**Problem requirements**: Starting at the line that contains "Trinity Bay, Division", repeat each line of the listing below through the last one, exactly, and leave out every picture.

**Input data**:

--- START ---

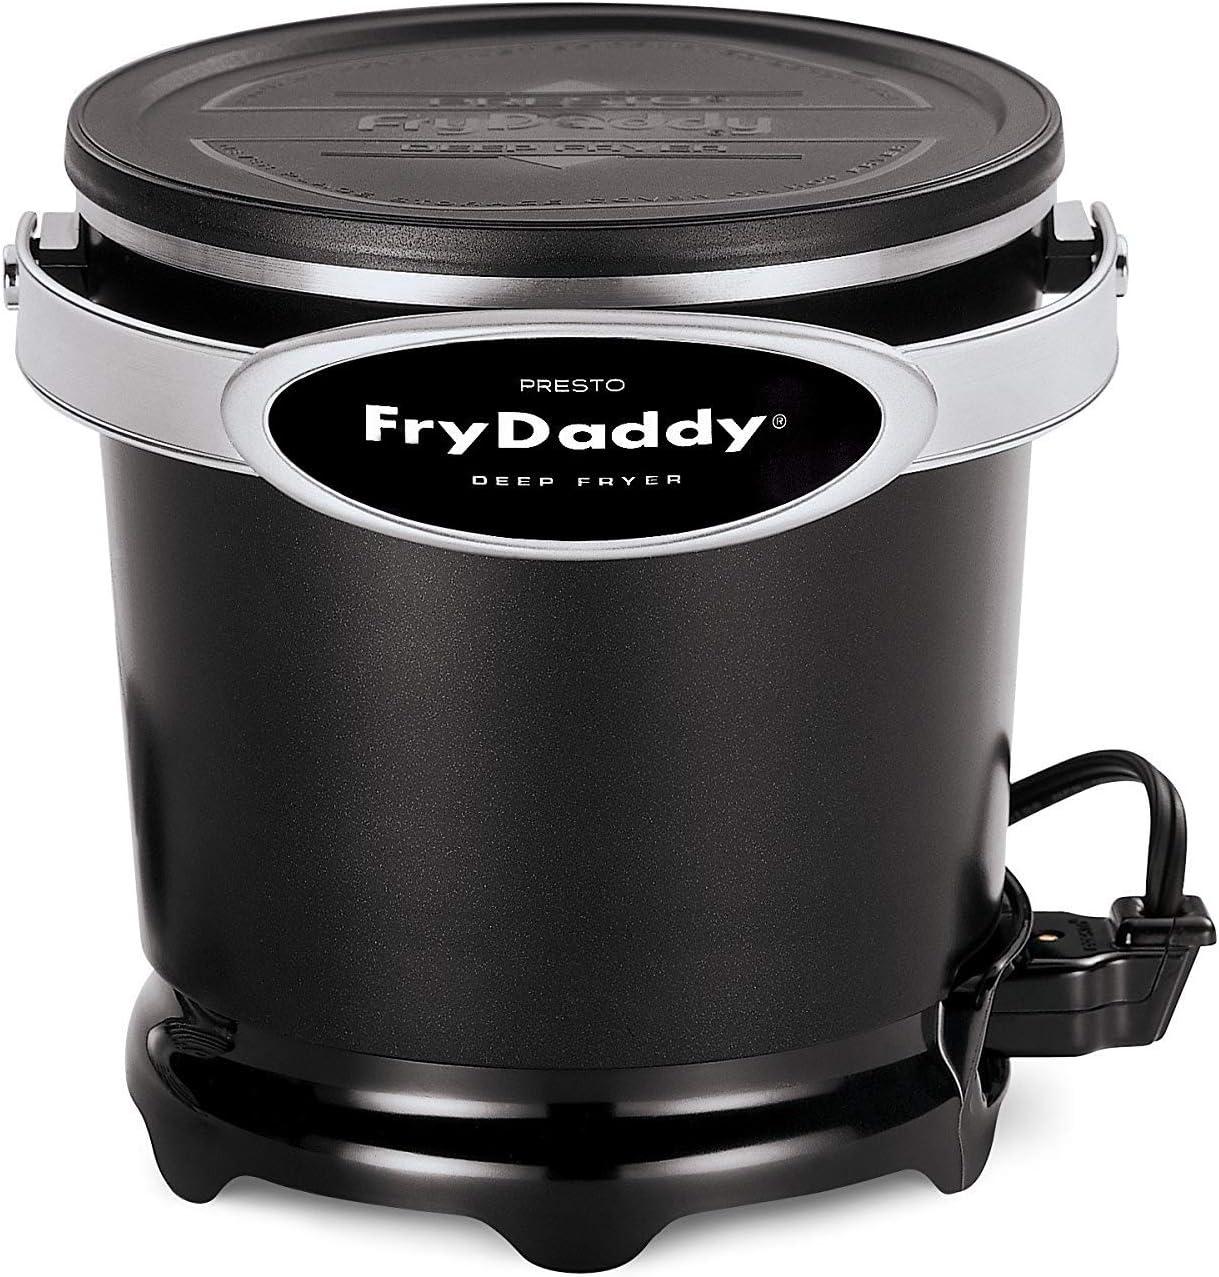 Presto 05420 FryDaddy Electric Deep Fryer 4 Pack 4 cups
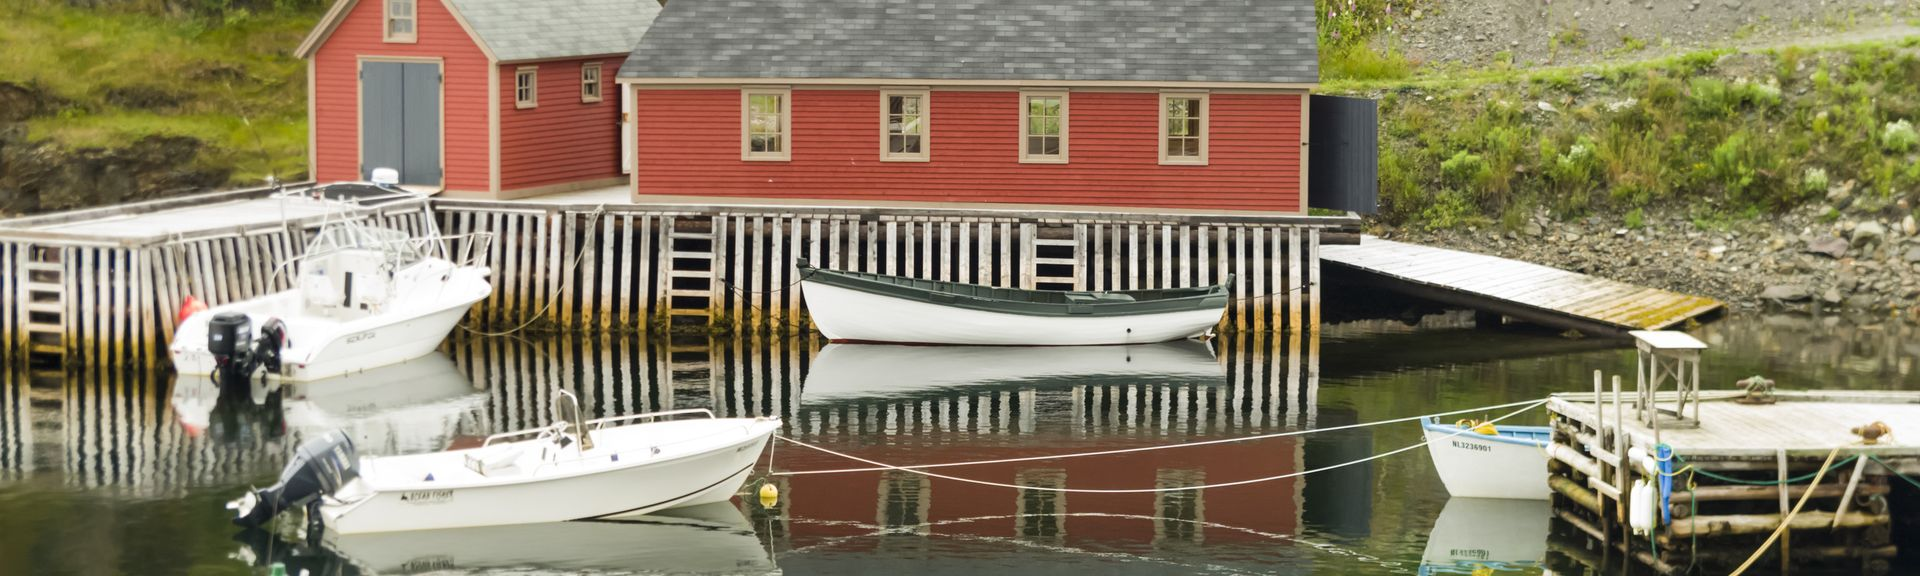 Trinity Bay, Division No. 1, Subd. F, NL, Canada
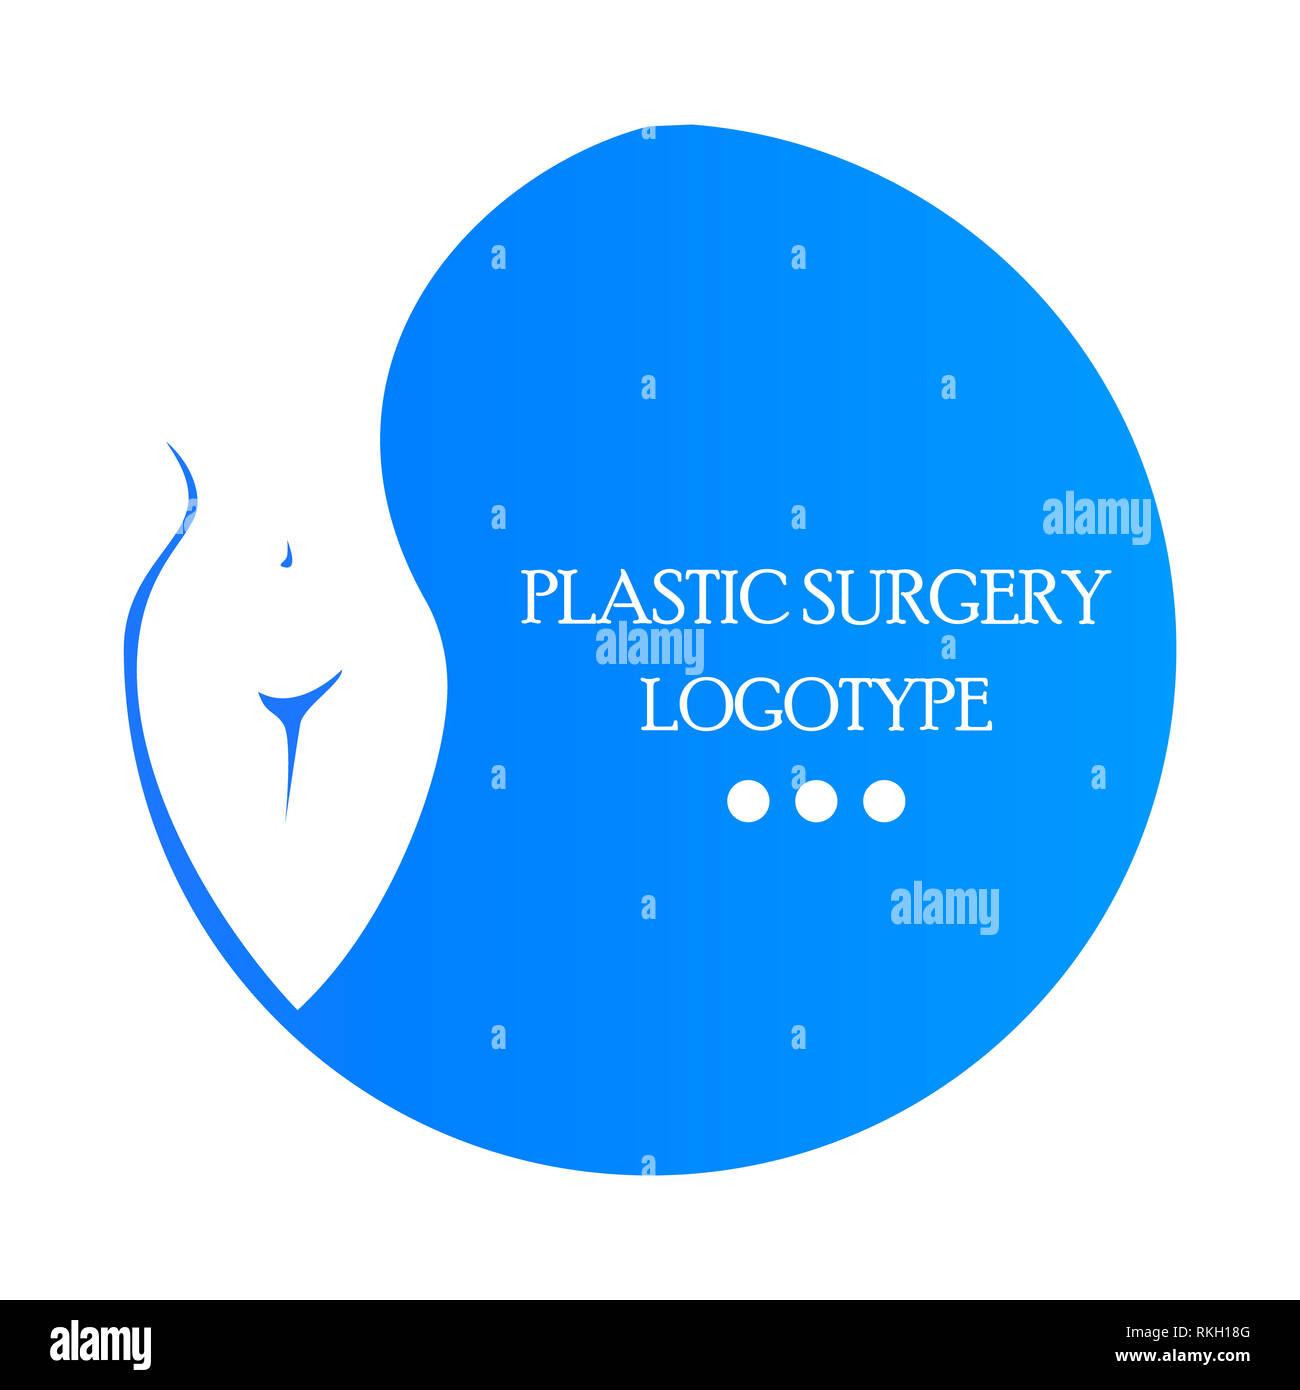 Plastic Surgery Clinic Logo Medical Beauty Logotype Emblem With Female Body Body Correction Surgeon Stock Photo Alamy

--- END ---

**Task result**:
 Trinity Bay, Division No. 1, Subd. F, NL, Canada
 Plastic Surgery Clinic Logo Medical Beauty Logotype Emblem With Female Body Body Correction Surgeon Stock Photo Alamy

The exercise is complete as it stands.